Picked up an Altec Lansing VS2421 last weekend and am loving it! The sound quality is jus waaayy above my old SBS A370. The only drawback is that near a mobile phone, everytime there is a call/sms/signal search, the speaker gives out a morse code type noise.. which is genuinely irritating


----------



## VexByte (Nov 27, 2008)

I'm having the two brands at my home.

AL is having better bass.
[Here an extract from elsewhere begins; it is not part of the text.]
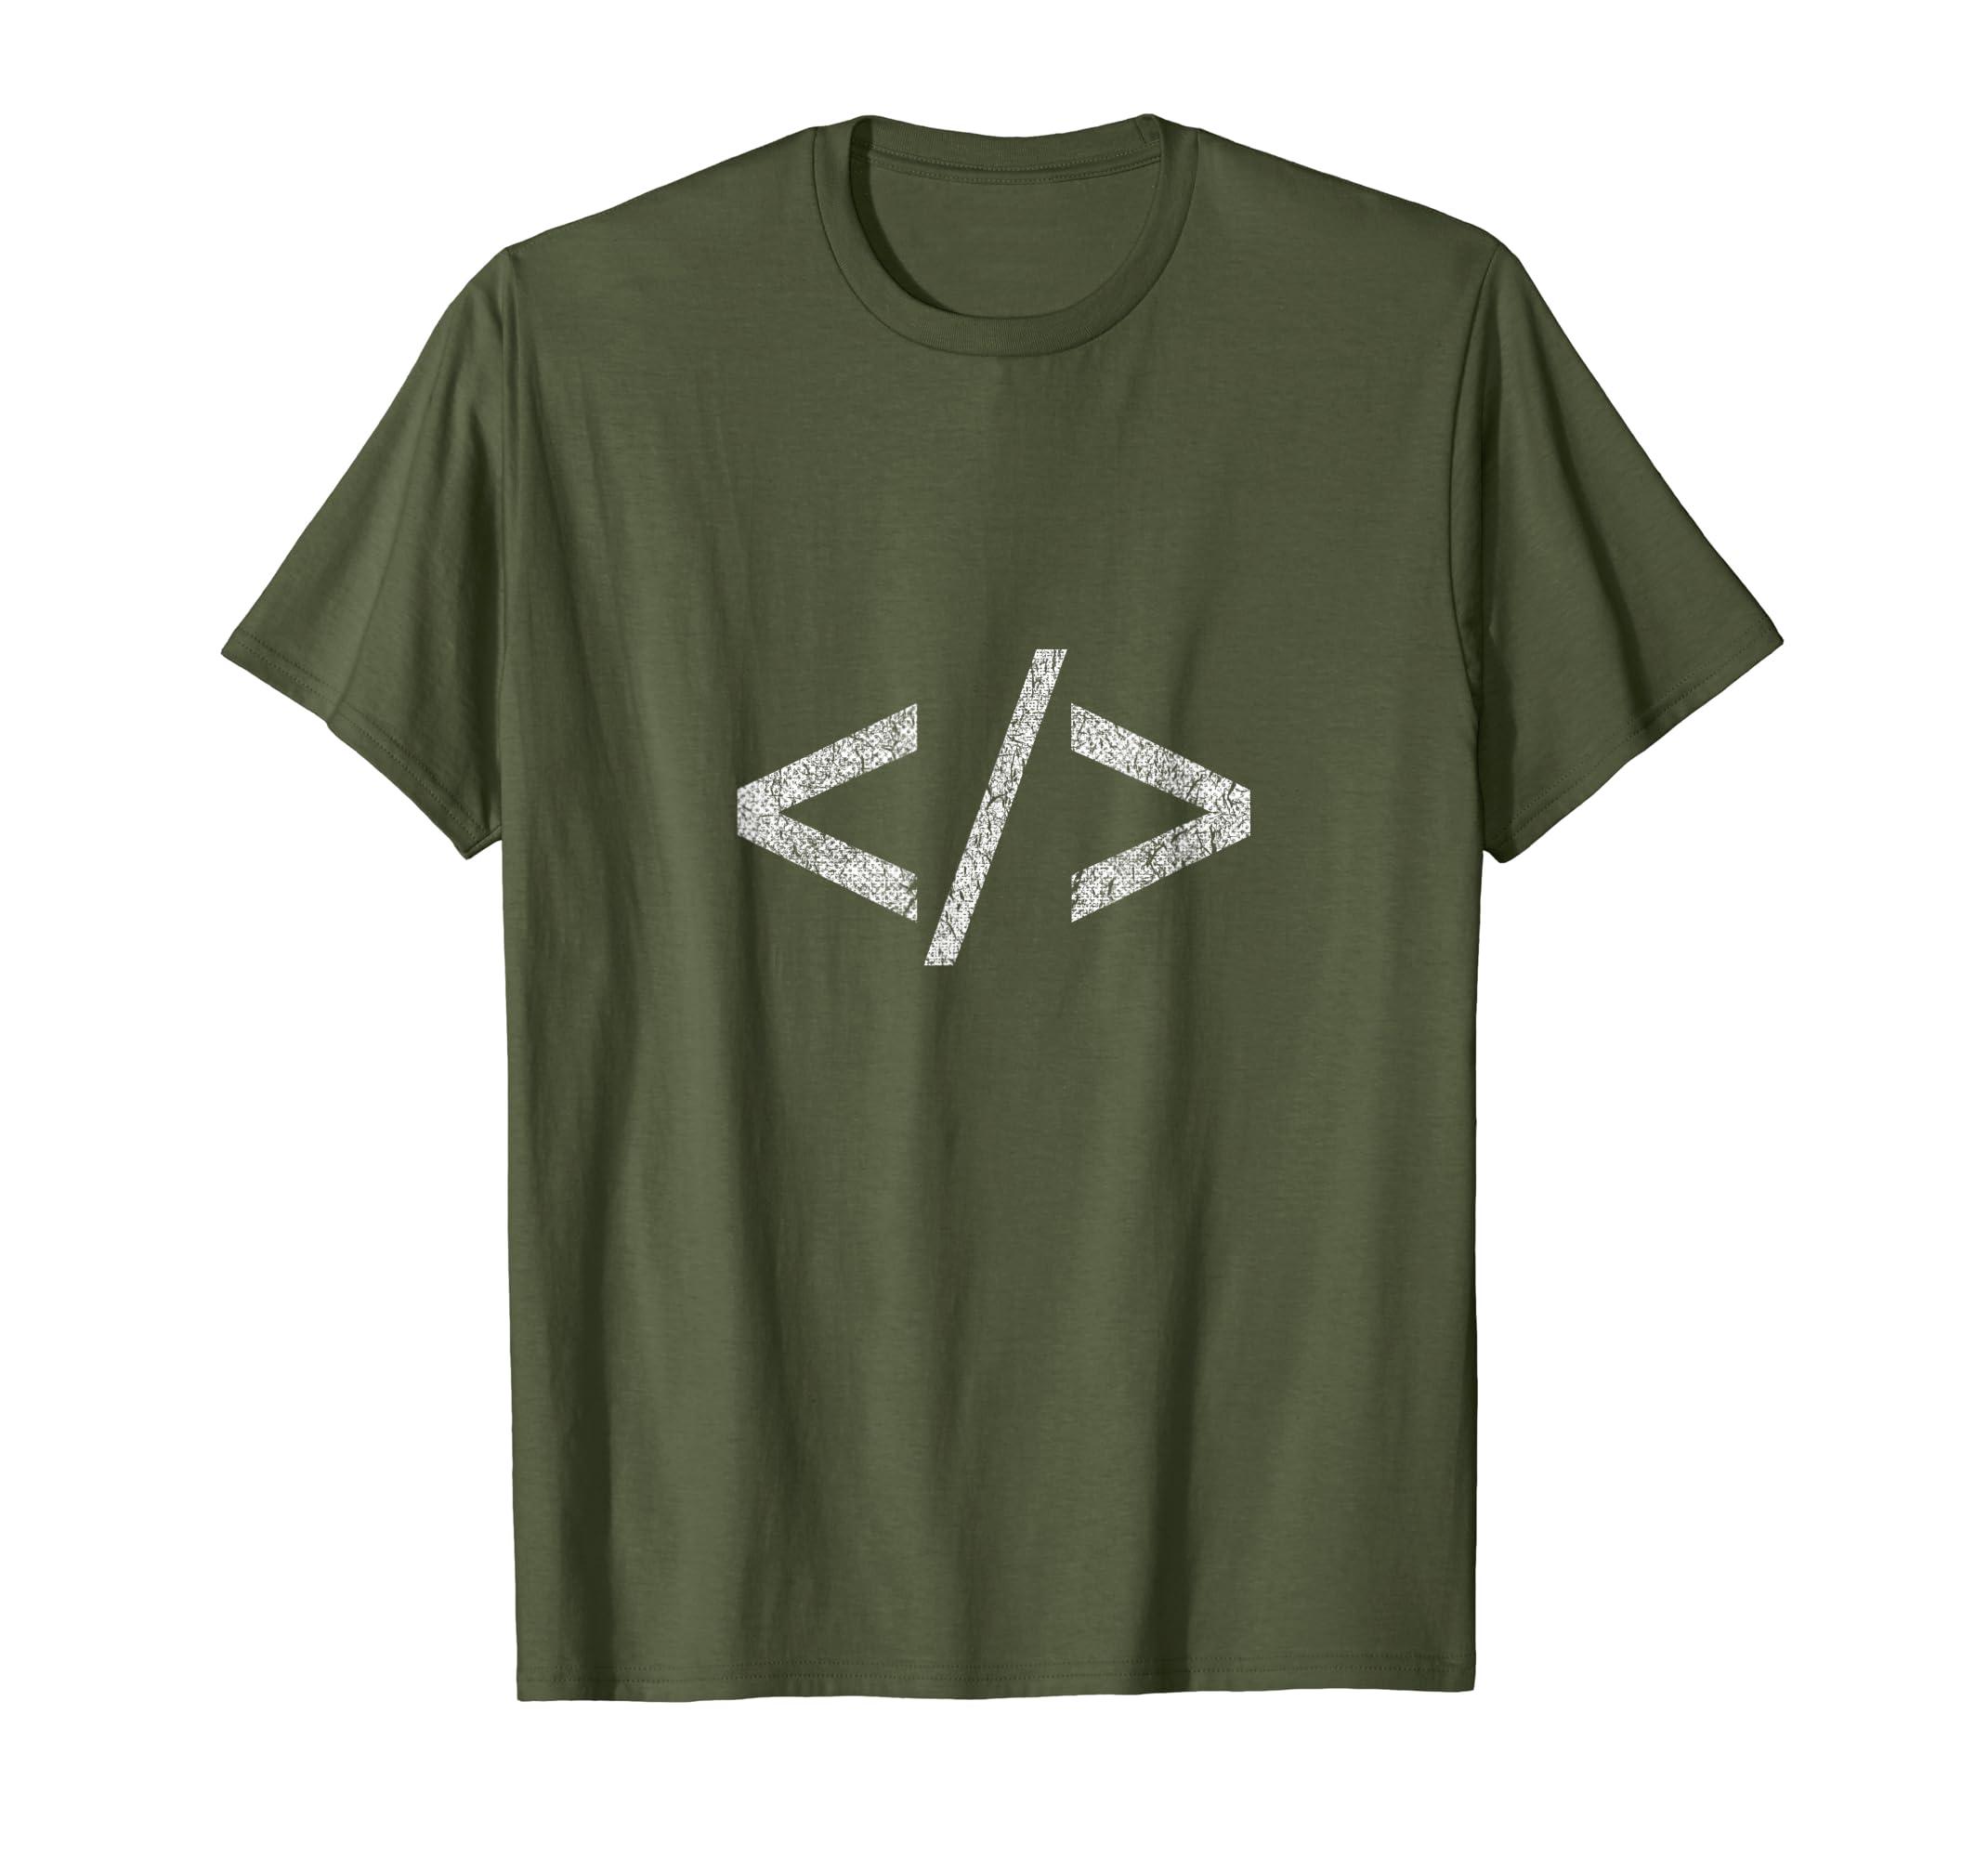 Amazon Minimal Html Tag T Shirt Web Designer Tee Shirts Clothing

But I feel *Creative is overall VFM.*


----------



## Psychosocial (Nov 27, 2008)

^^All speakers from both the brand ?


----------



## VexByte (Nov 27, 2008)

Not all speakers !!! _Hope even you cannot acquire all the speakers ?_

What I meant is "Two sets of speakers, one from AL & another from Creative"


----------



## Zangetsu (Nov 27, 2008)

IMO Altec lansin is better than creative.i m usin for 5 yrs no prob in sound


----------



## Psychosocial (Nov 27, 2008)

VexByte said:


> Not all speakers !!! _Hope even you cannot acquire all the speakers ?_
> 
> What I meant is "Two sets of speakers, one from AL & another from Creative"


2

Then how did you rate the overall VFM of the two companies ?


----------



## juggler (Nov 27, 2008)

azbokikr said:


> everytime there is a call/sms/signal search, the speaker gives out a morse code type noise.. which is genuinely irritating



This is a problem with a lot of speakers


----------